America is a democracy. That is why Donald Trump is not Vladimir Putin, because unlike the Russian president, he will eventually come up against checks and balances in the judiciary, Congress, the press, the governors and the Federal Reserve.
There are limits to Donald Trump’s power that do not hinder Vladimir Putin’s, but the political similarities between these two men today are staggering.
Both know only too well how a lie hammered into the heads becomes a debated truth, so that it is no longer clear which is the bigger liar of the two, the one who claims that “Nazis” are governing Ukraine or the one who insists that Joe Biden “stole” his re-election in November 2000.
Both hate freedom of the press, and while Vladimir Putin has put an end to it, Donald Trump is determined to weaken it by denouncing it as the primary weapon of the occult power that supposedly dominates America.
Both see the judiciary as nothing more than an instrument of the executive, which Putin has turned into a machine for locking up his opponents, and which Trump has set out to control by making sure he has the support of the Supreme Court.

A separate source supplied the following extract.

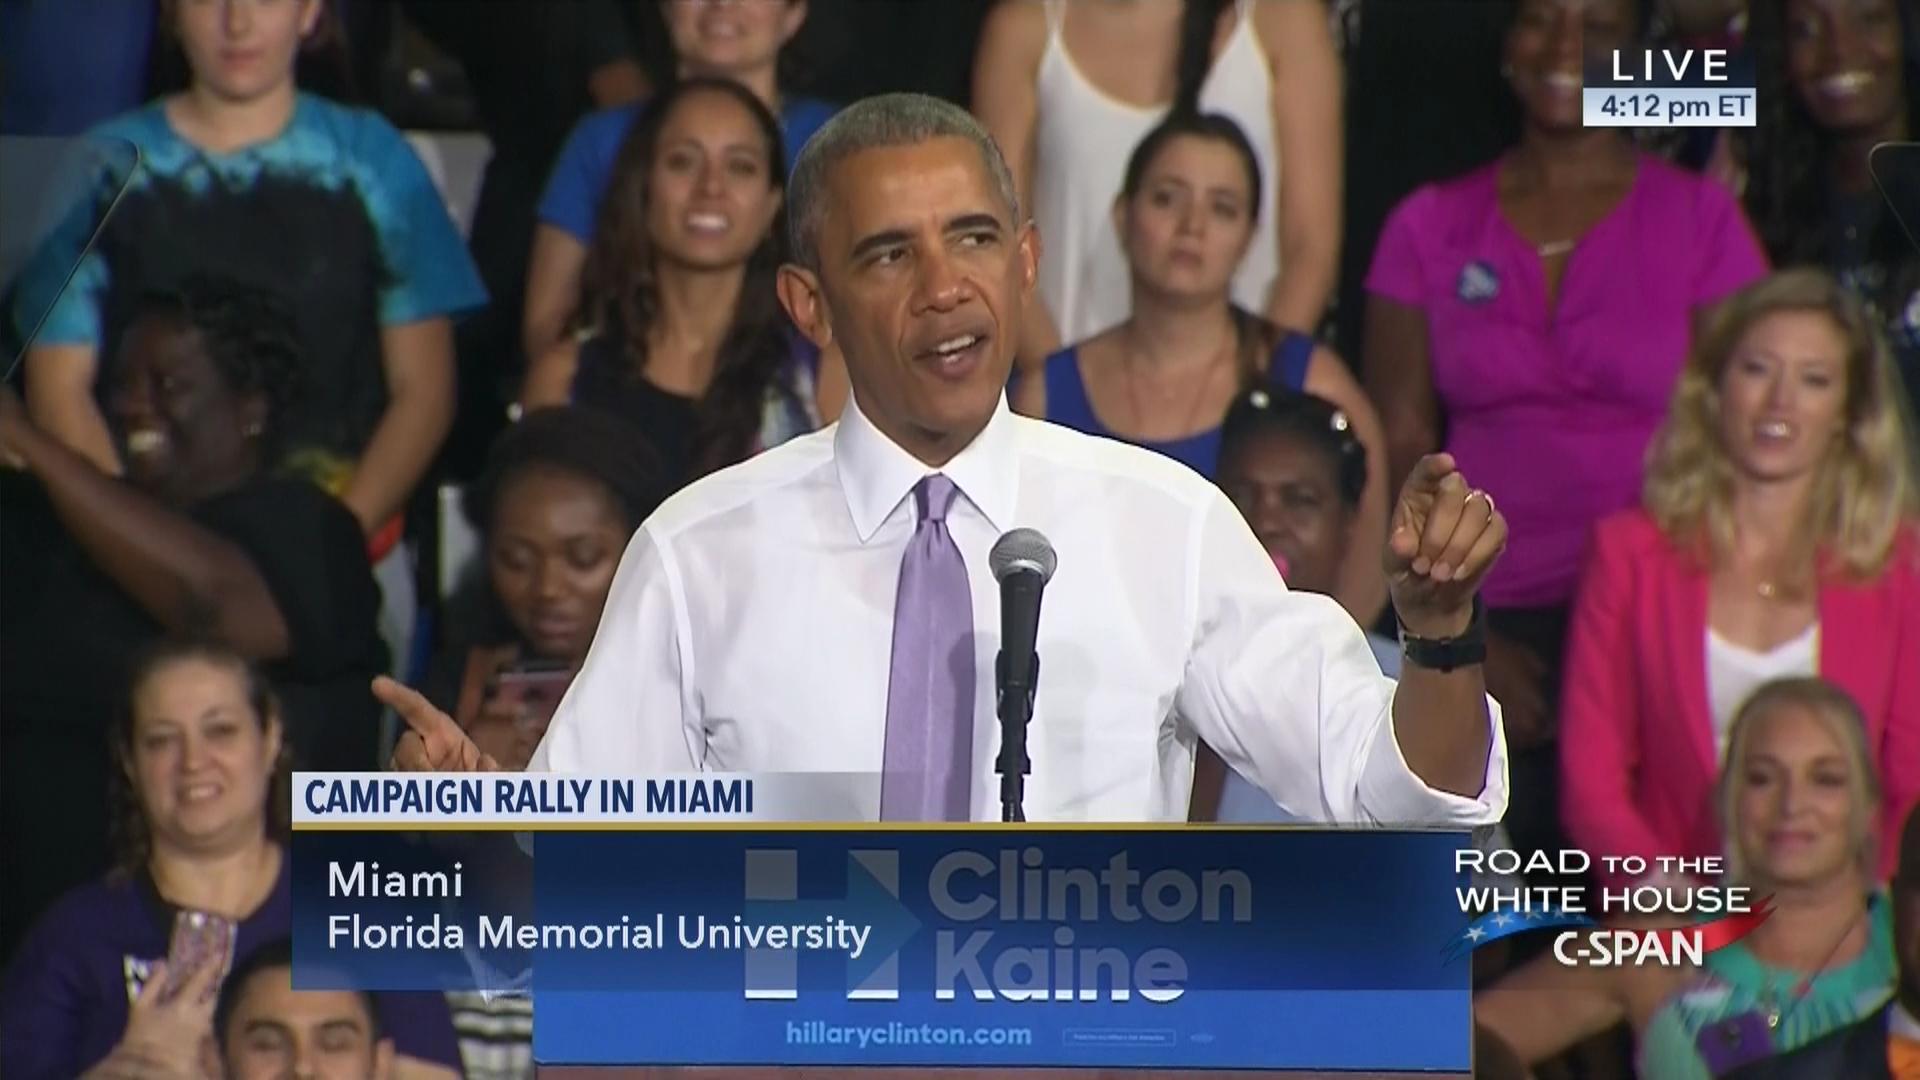 President Obama Campaigns Hillary Clinton Miami Florida Oct 20 2016 – Planned Parenthood Miami Gardens

Both govern by confusing the powers of money and the state in a system of oligarchy that post-communist Russia reinvented thirty years before Donald Trump imported it to the United States.
Both want to bury the concertation of nations and international law by subordinating them to the interests of the great powers and their desire for territorial expansion in Greenland and Ukraine.
Finally, both of them are securing popular support by defending morality, religion, the division of roles between the male hunter and the housewife, and all the national, cultural and religious traditions of the past, whose decline is disturbing a large part of societies on all five continents.
Behind this conservative mask, what Donald Trump and Vladimir Putin embody is a return to the law of the jungle based on a rejection of the state as a referee, of the law whch they rename ‘regulation’, of the redistribution of income and of the desire to moralise international relations. As with Mr Xi, Mr Modi, Mr Orban and so many others, with them we return to the omnipotence of money and the brutality of social and international relations that dominated the world until the end of the First World War and the defeat of Nazism.
This “reactionary international”, to use Emmanuel Macron’s words, draws its strength from the intellectual exhaustion of the major parties that had rebuilt the post-war world. Because it fills a vacuum, it will not weaken any time soon, and that is why it must be fought by rallying the coalition of democrats everywhere against the coalition of the oligarchy, the power of a few rich and powerful.
As during the war, but probably for much longer, we need to unite all democrats, right and left, against those who would like to see an end to democracy and are no longer afraid to say so. This must be done without delay in Europe to ensure that the European Union, a bastion of the rule of law, does not fall into the hands of the admirers of Donald Putin and Vladimir Trump.